→ **ASSIGNMENT**:
Reproduce the whole listing below without its pictures, exactly as written.

→ **DATA SEGMENT**:

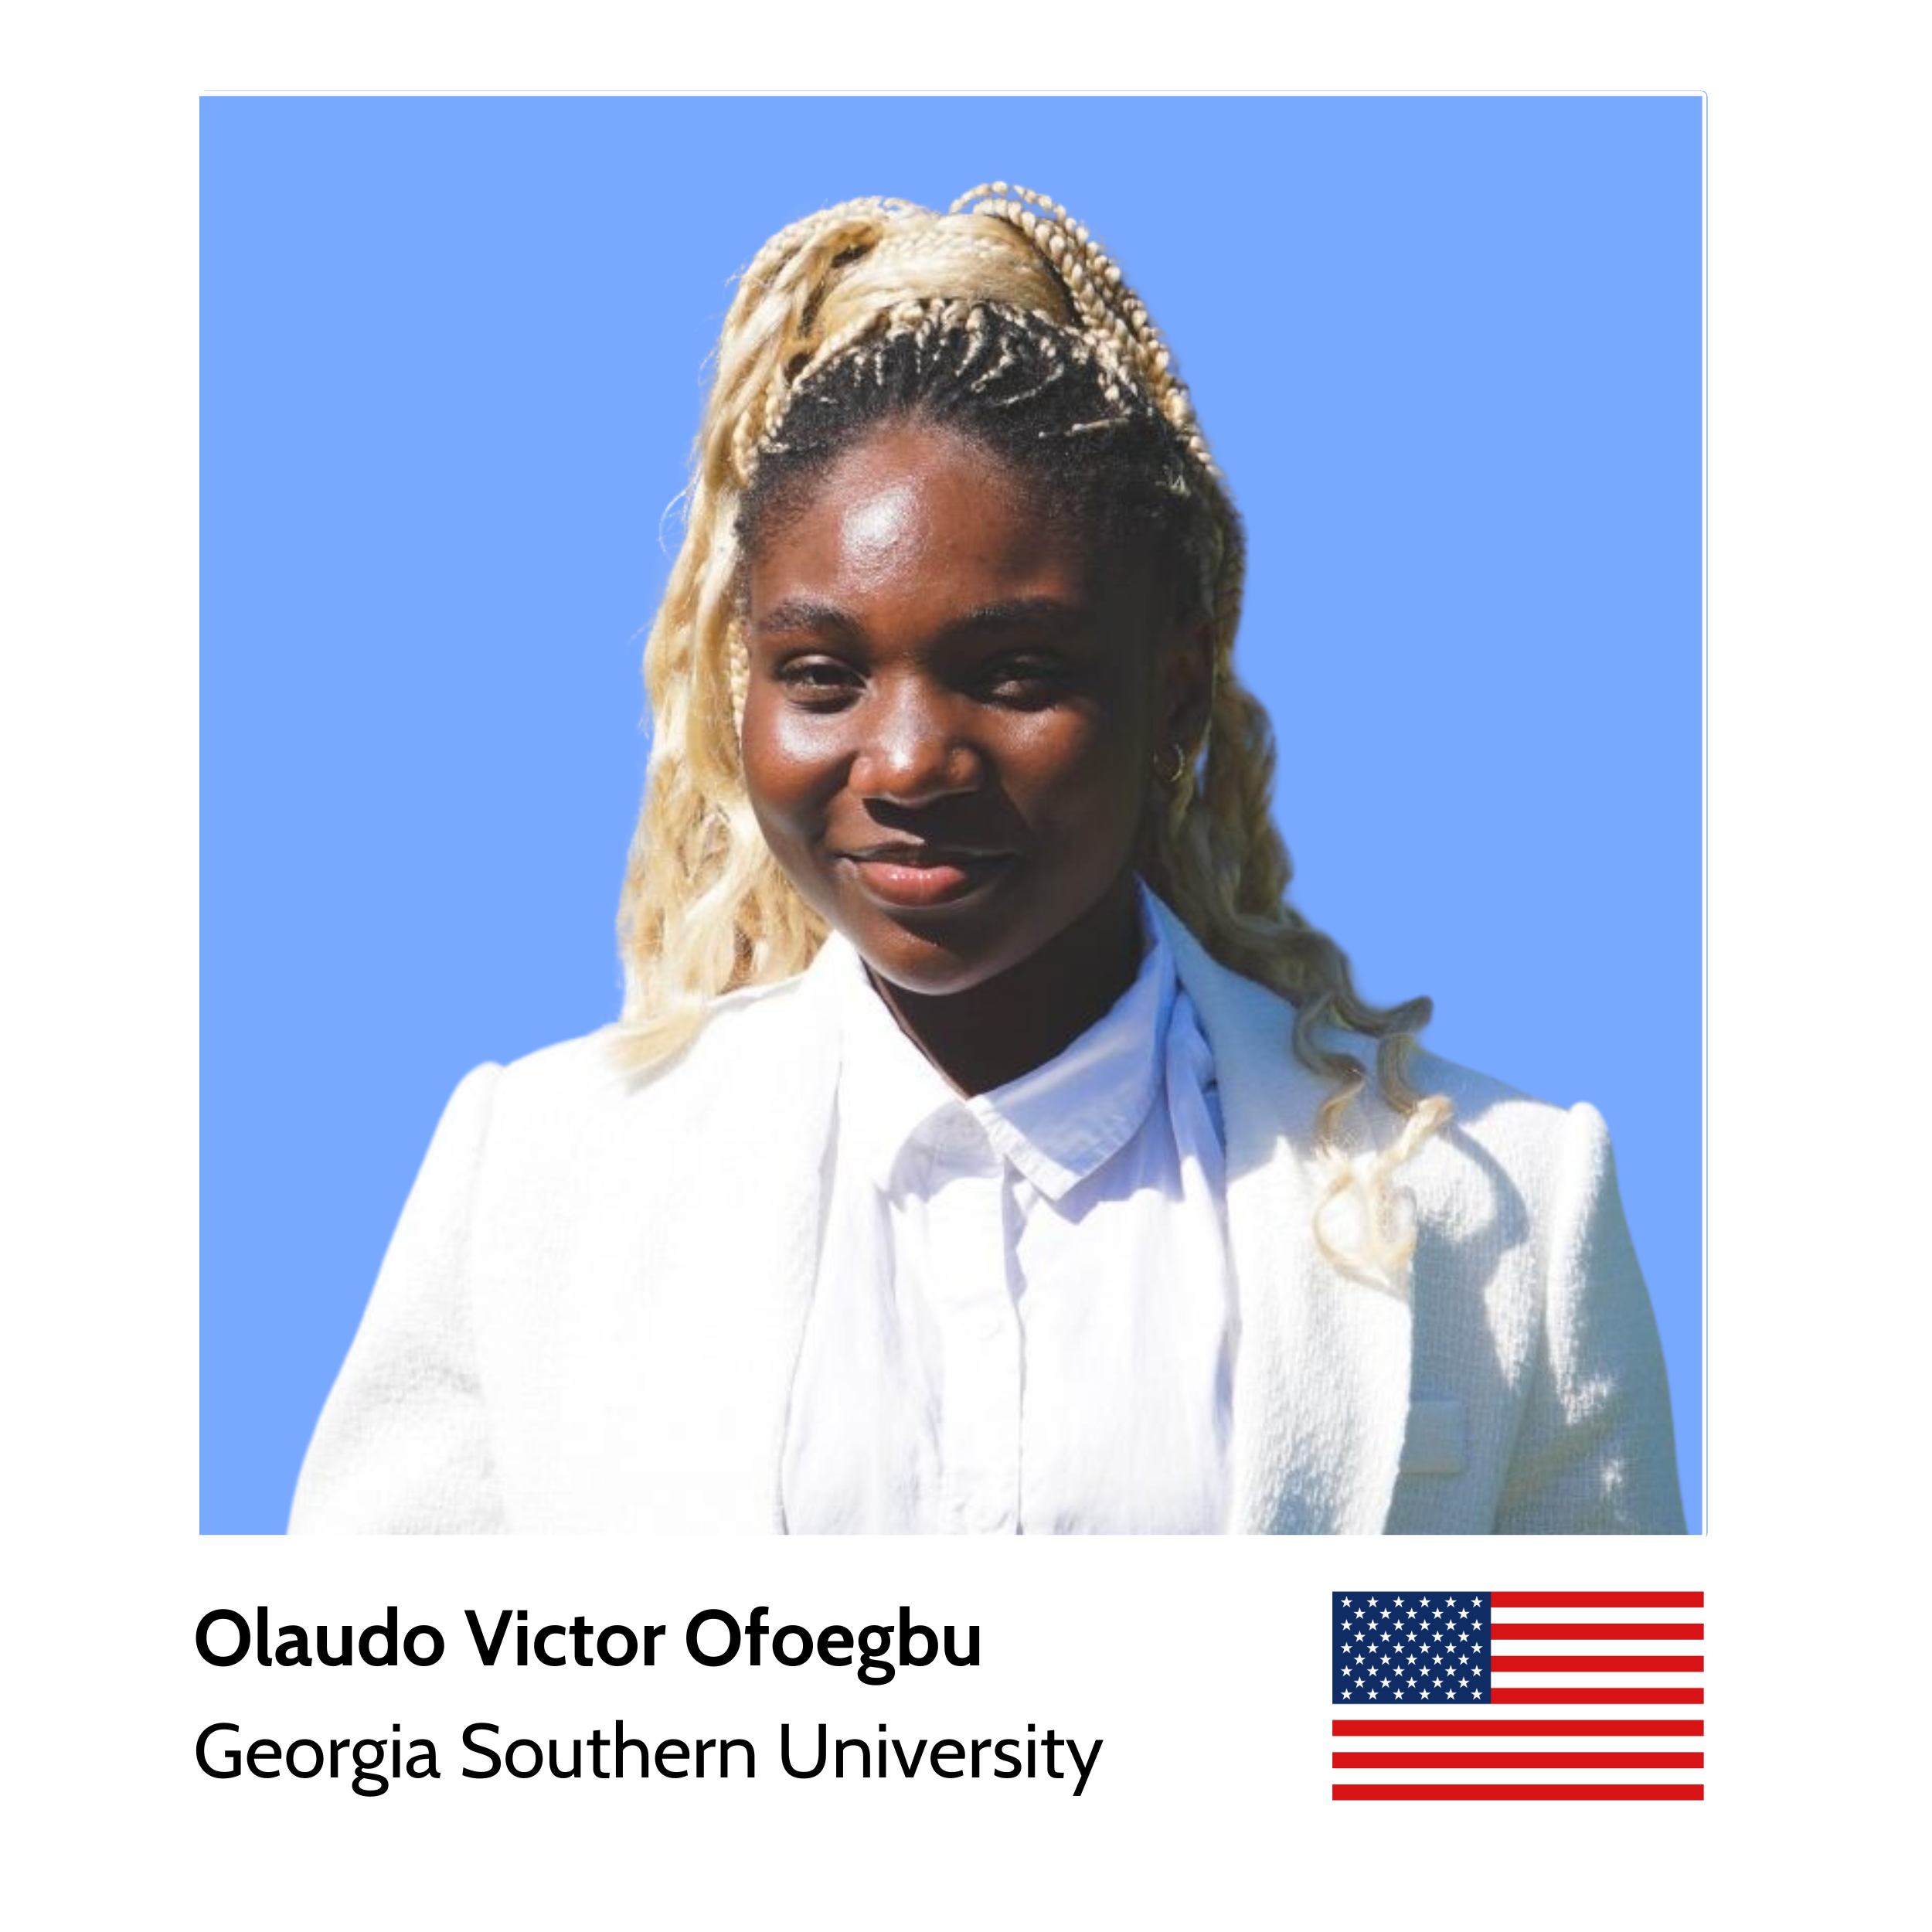 Your_Big_Year_ibm_z_student_ambassador_Olaudo_Victor_Ofoegbu_Georgia_Southern_University.png
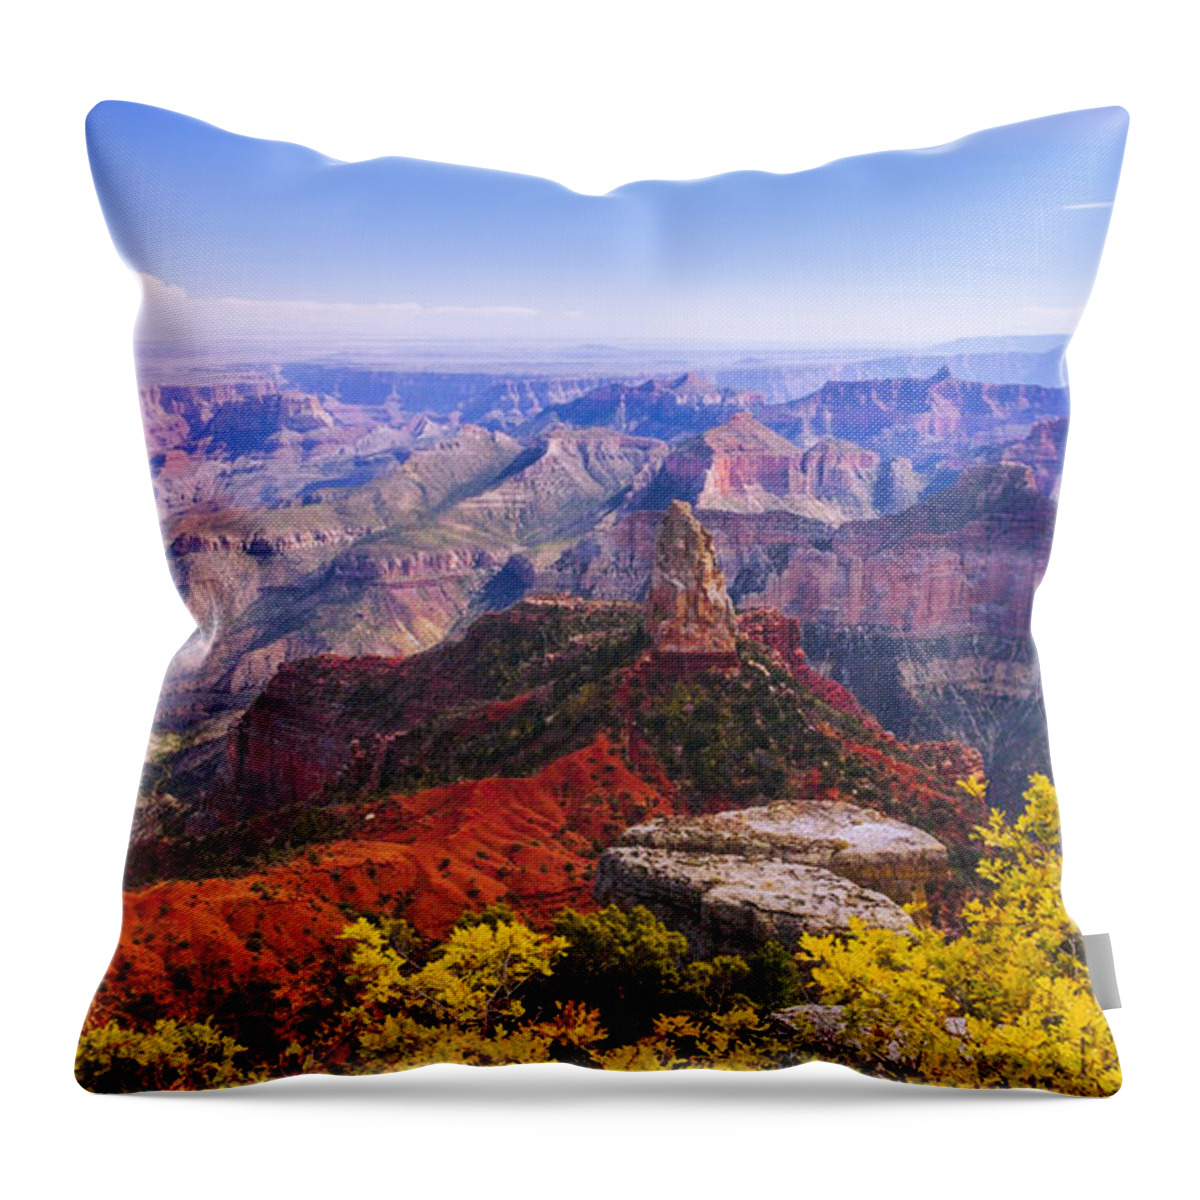 Grand Arizona Throw Pillow featuring the photograph Grand Arizona by Chad Dutson
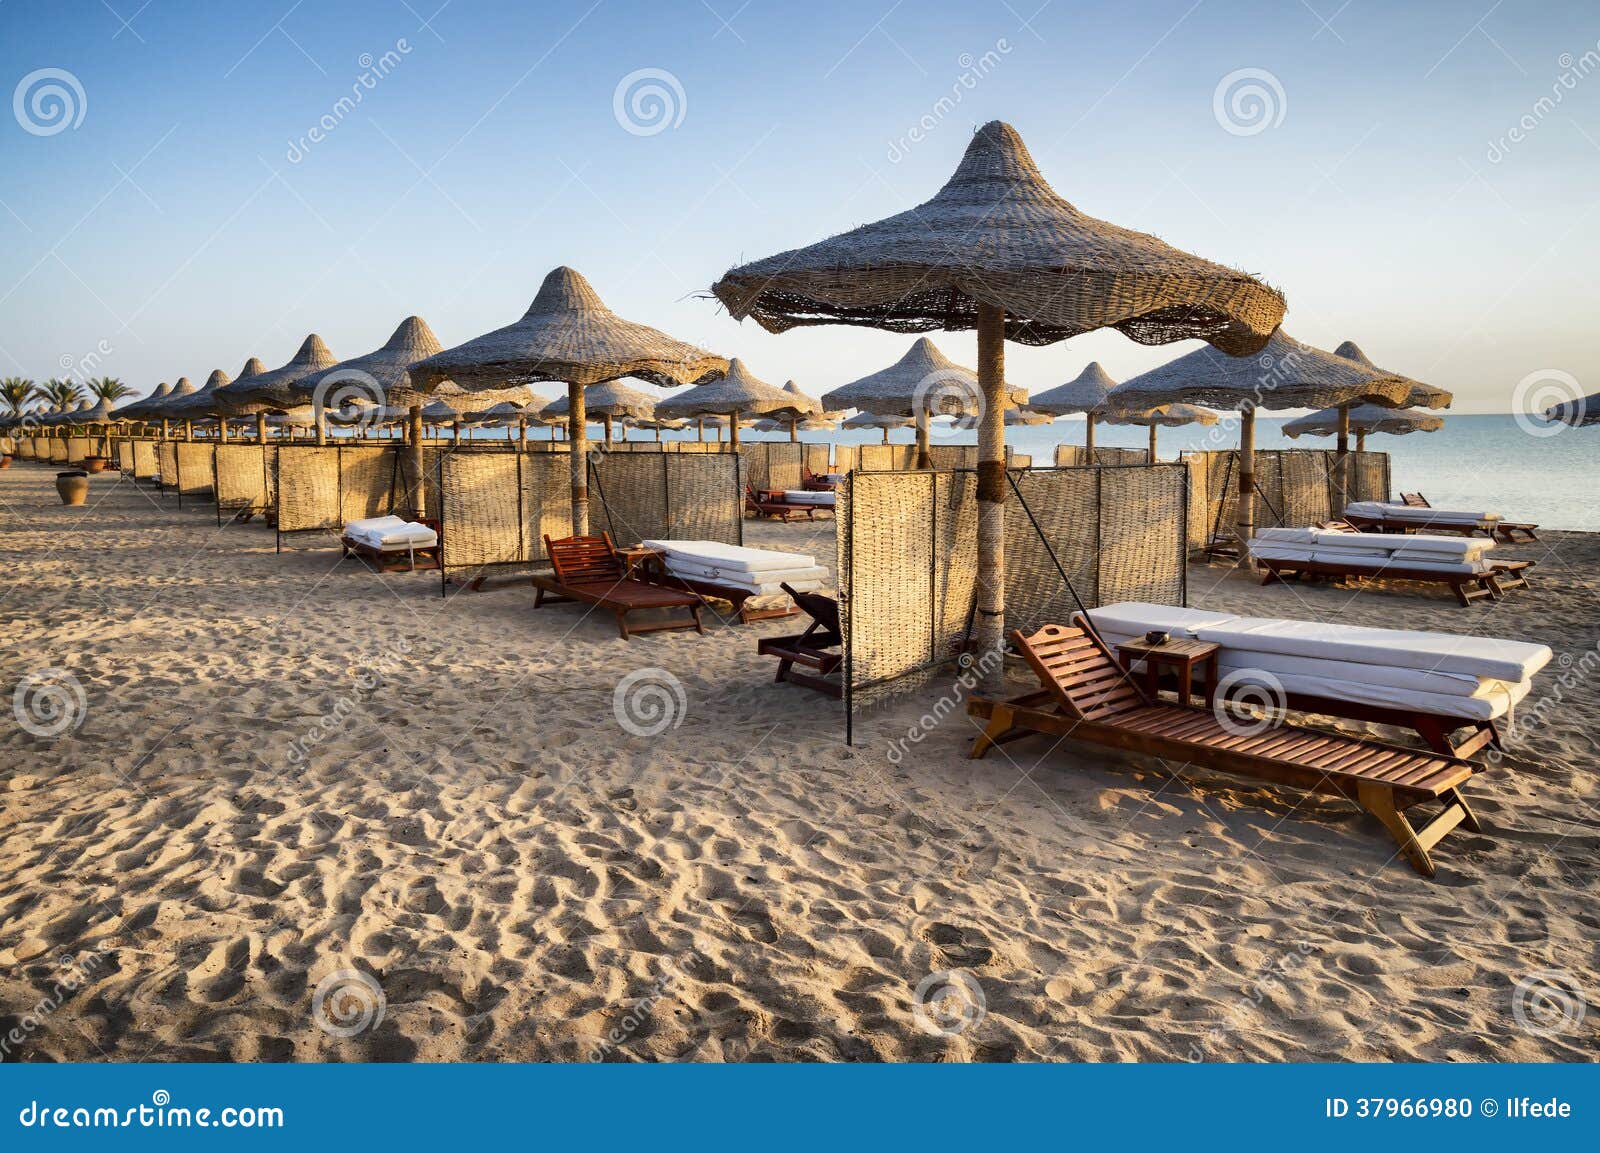 beach in marsa alam, egypt

→ **ANSWER TO THIS EXERCISE**:
 Your_Big_Year_ibm_z_student_ambassador_Olaudo_Victor_Ofoegbu_Georgia_Southern_University.png
 Grand Arizona Throw Pillow featuring the photograph Grand Arizona by Chad Dutson
 beach in marsa alam, egypt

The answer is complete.